* **Prompt**: Reproduce the full listing as it stands. Images do not belong in the copy.
Supplied data Start Marker
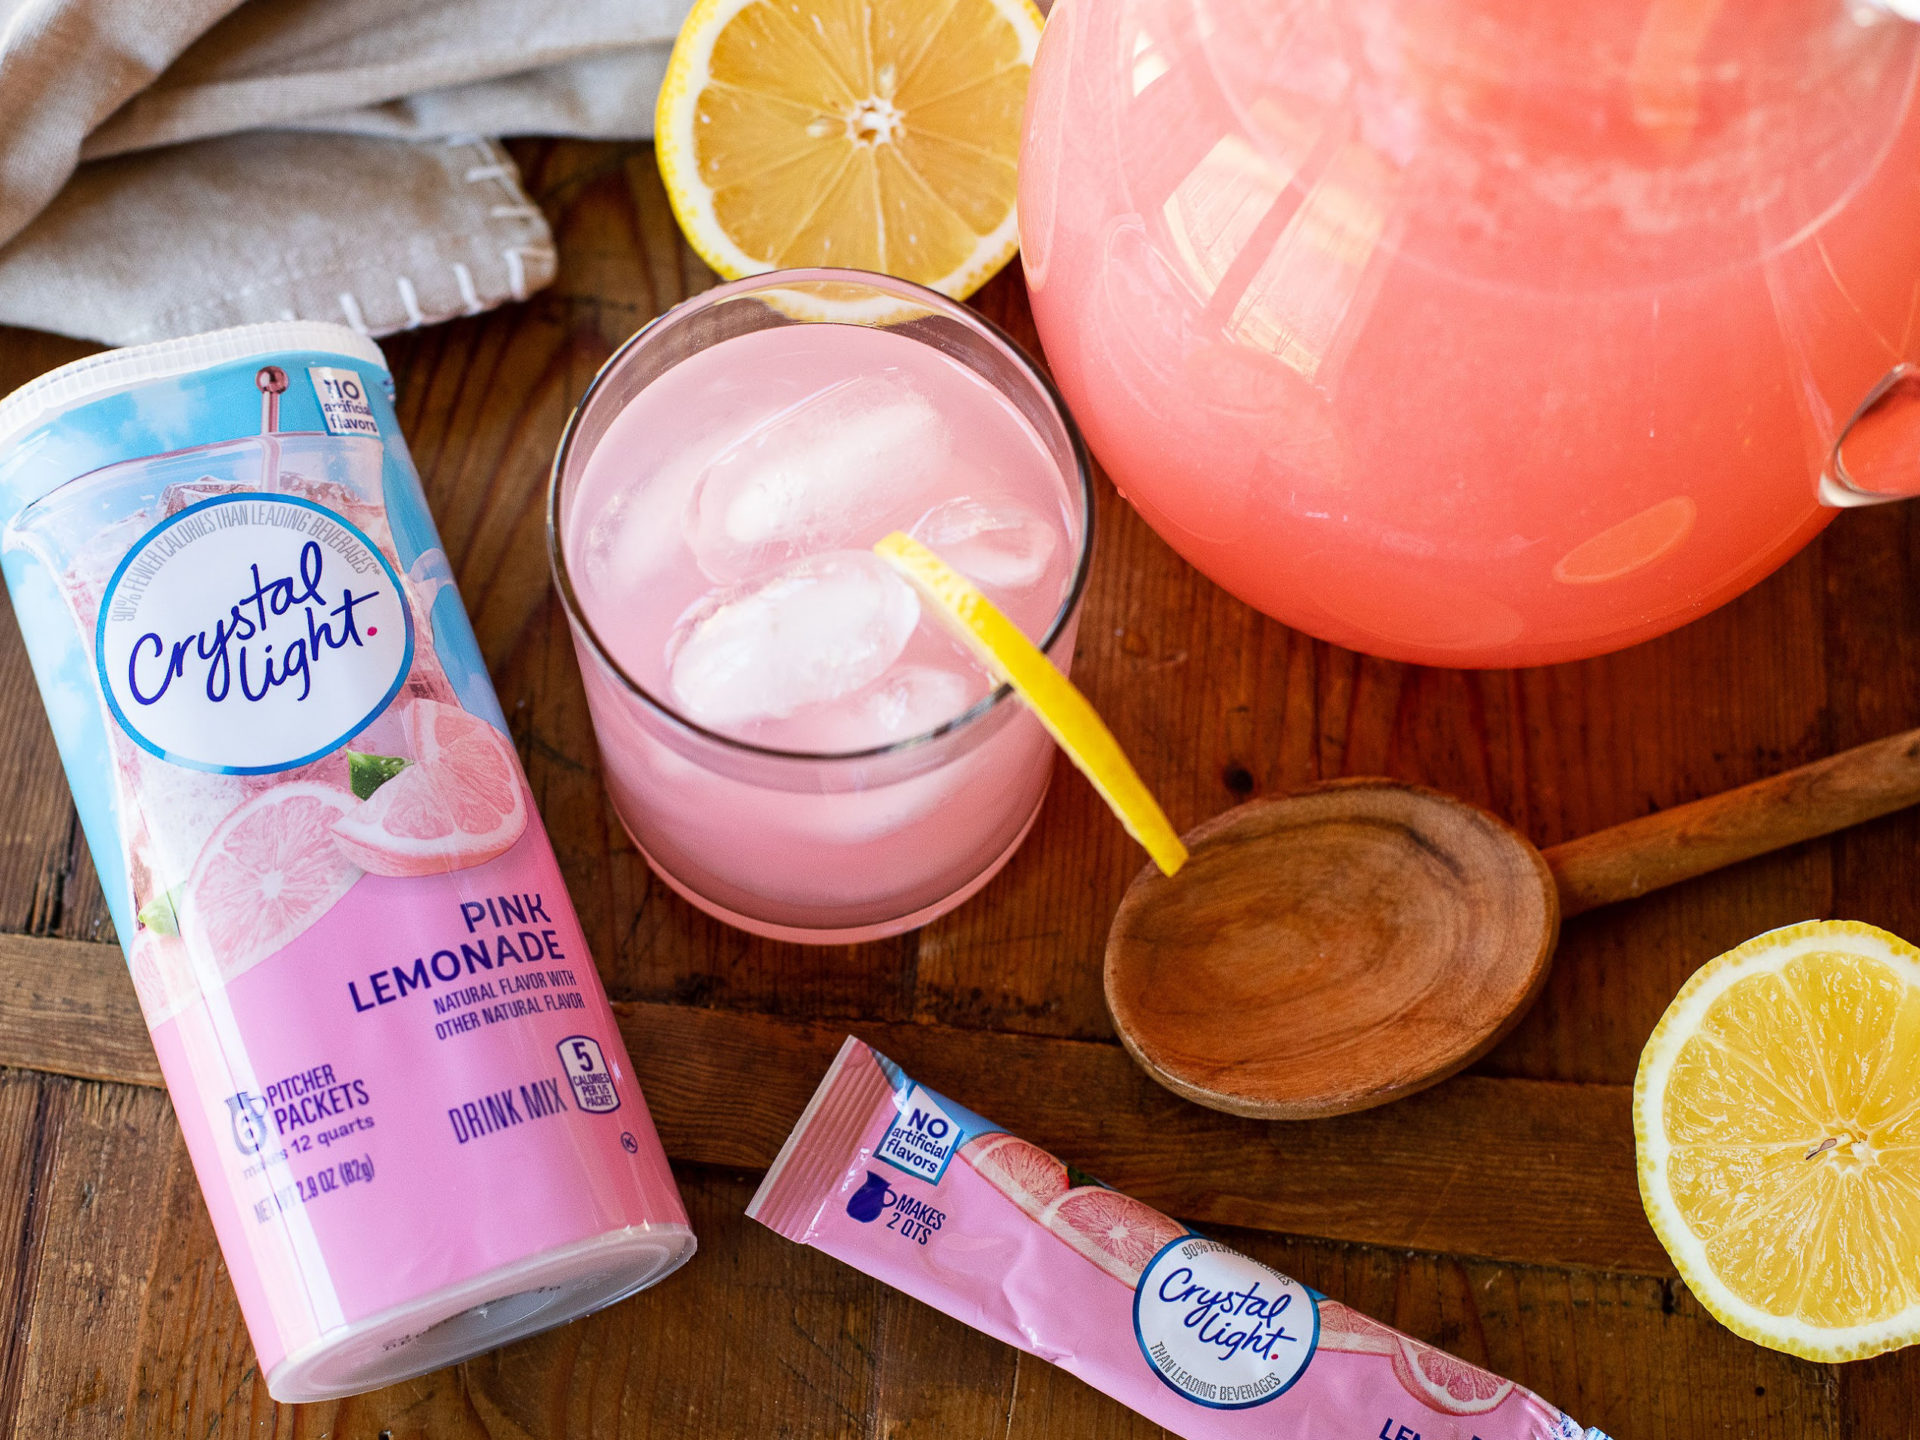 Get Crystal Light Drink Mixes For As Low As $1.24 At Kroger
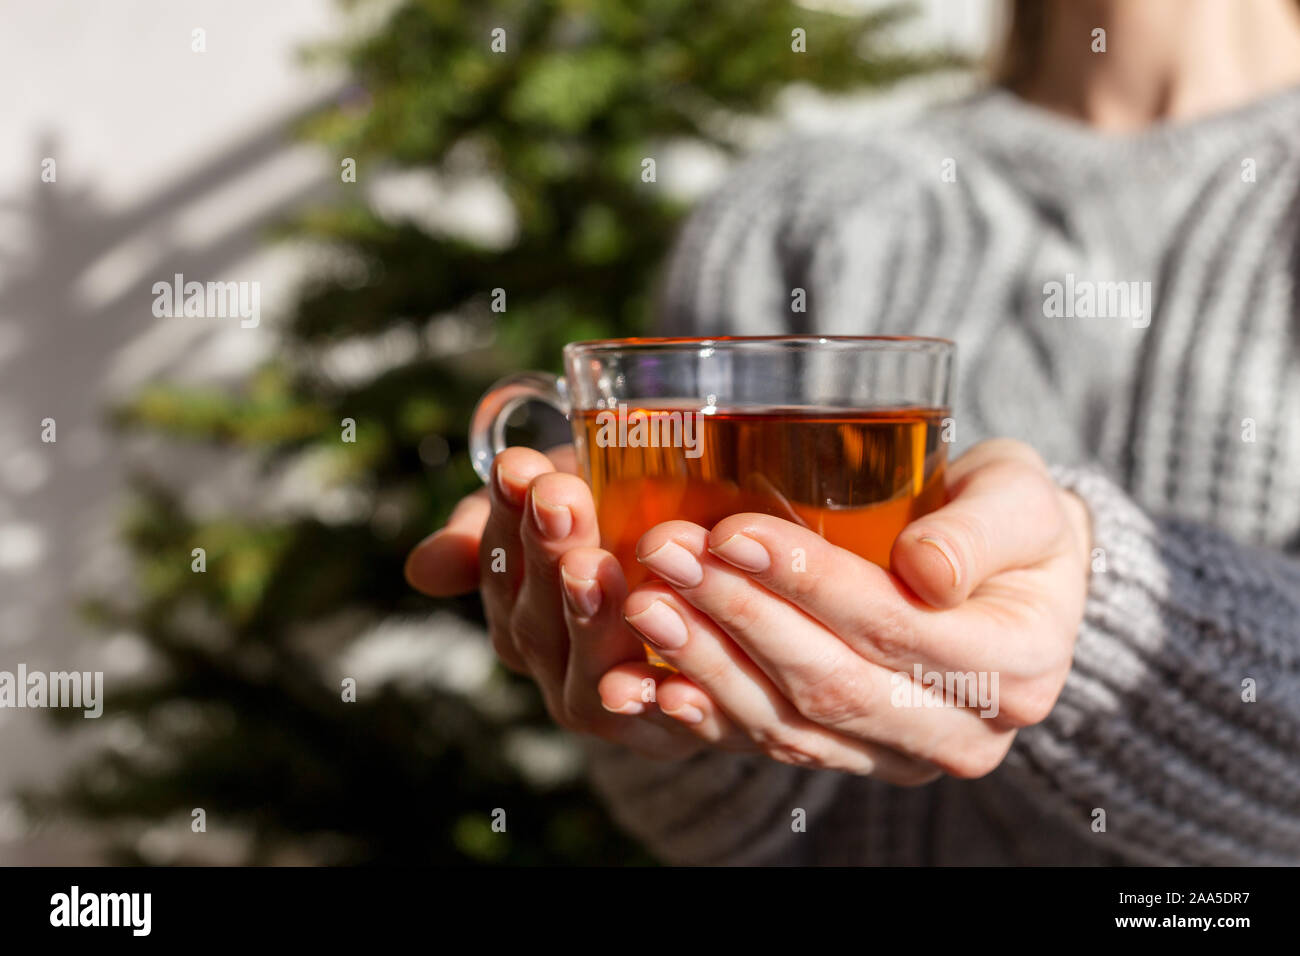 Tea cup in woman's hand with Christmas tree at background. Concept of Christmas homemade mood Stock Photo
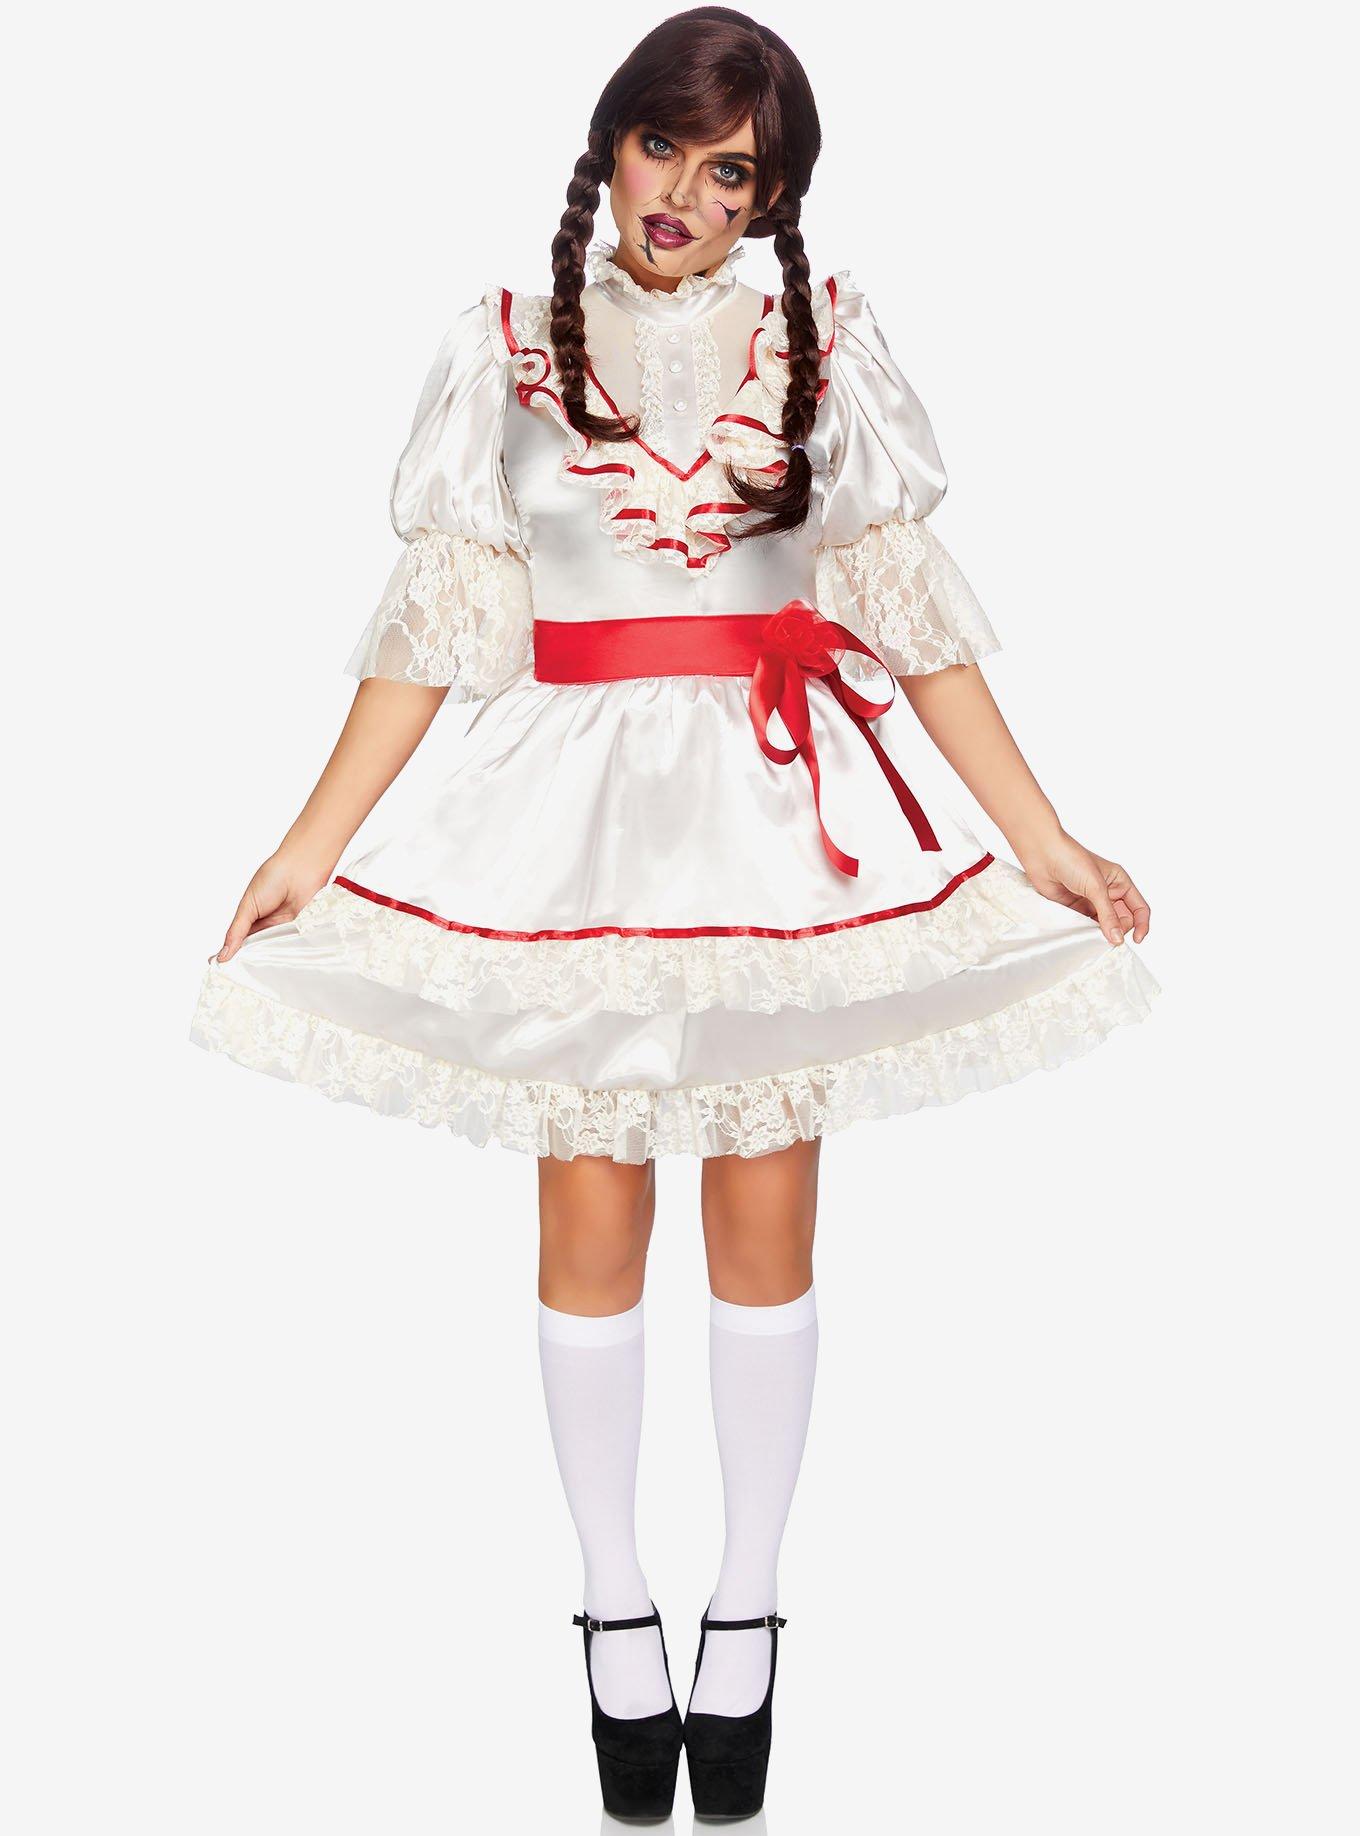 Hot Topic Haunted Doll Costume | CoolSprings Galleria
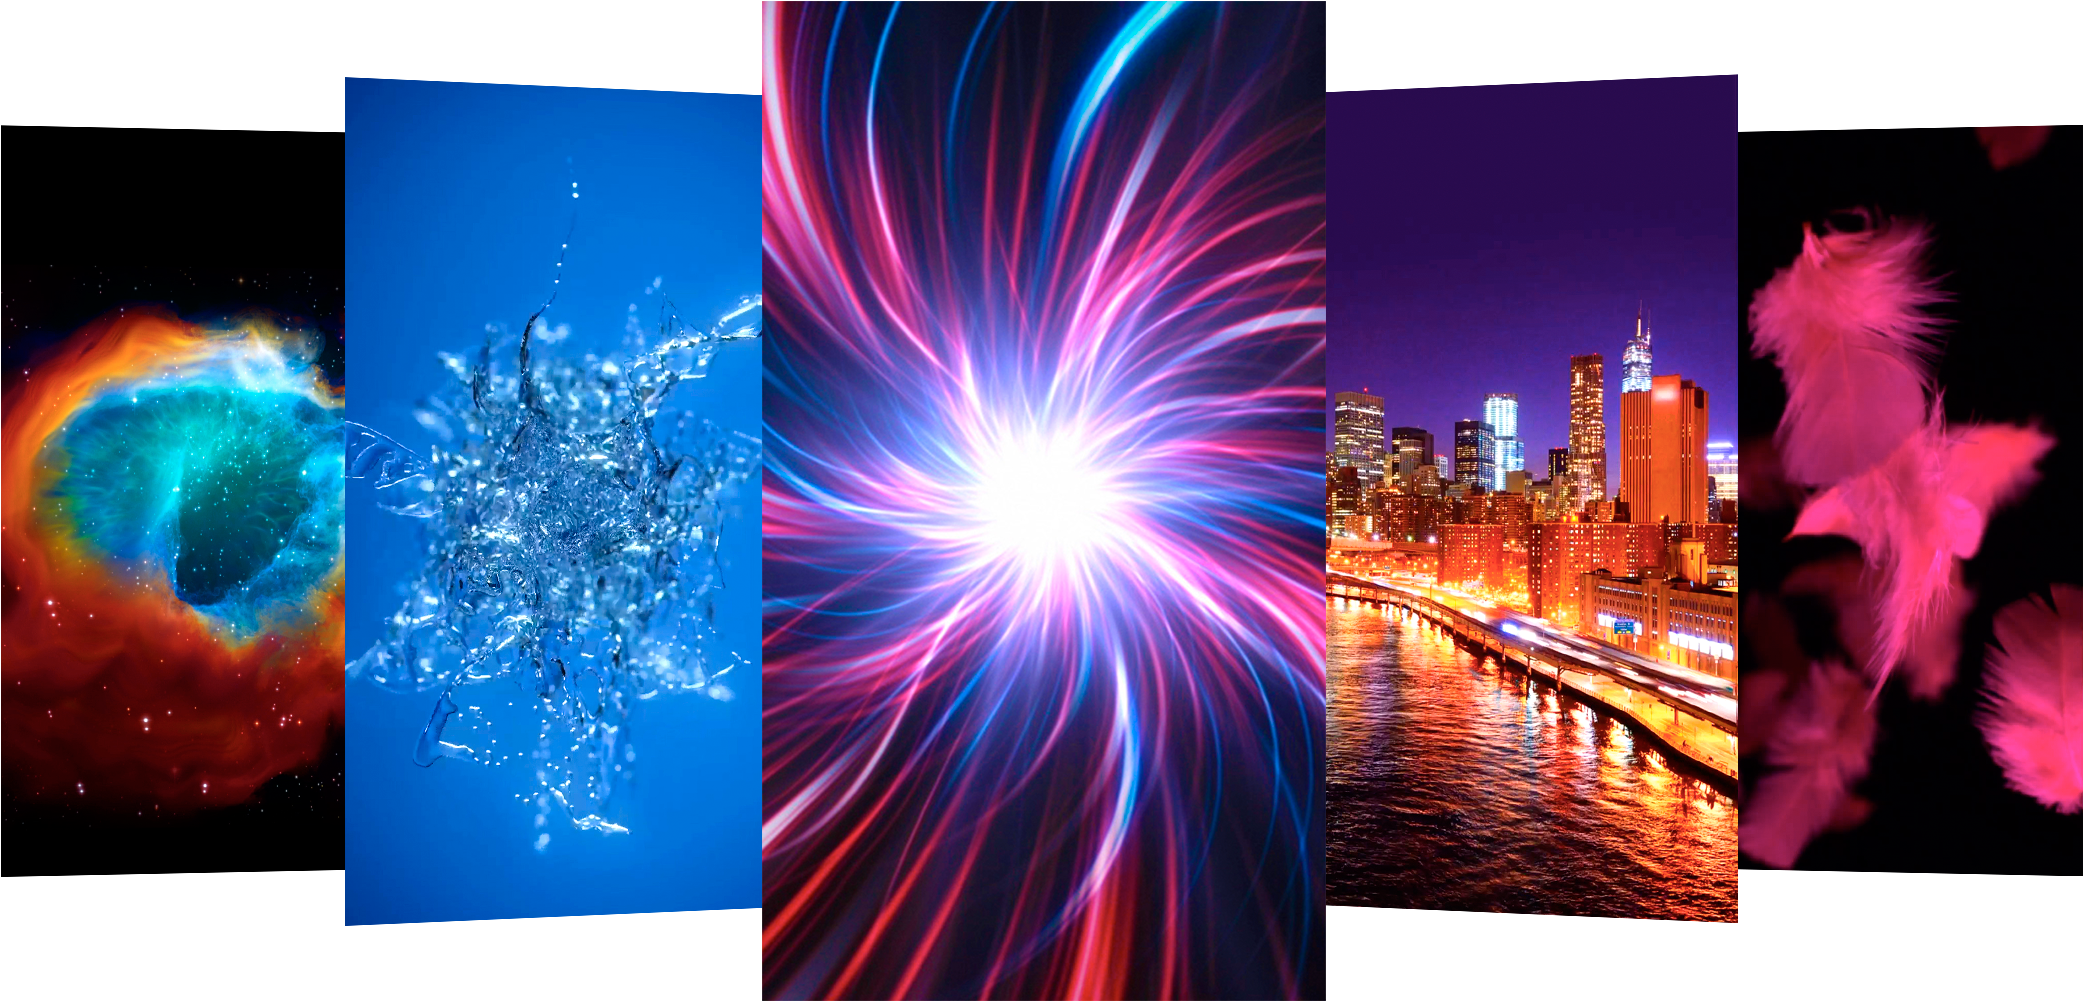 A Collage Of Different Images Of Water And A City
Supplied data End Marker
* **Result of the task**:
 Get Crystal Light Drink Mixes For As Low As $1.24 At Kroger
 Tea cup in woman's hand with Christmas tree at background. Concept of Christmas homemade mood Stock Photo
 Hot Topic Haunted Doll Costume | CoolSprings Galleria
 A Collage Of Different Images Of Water And A City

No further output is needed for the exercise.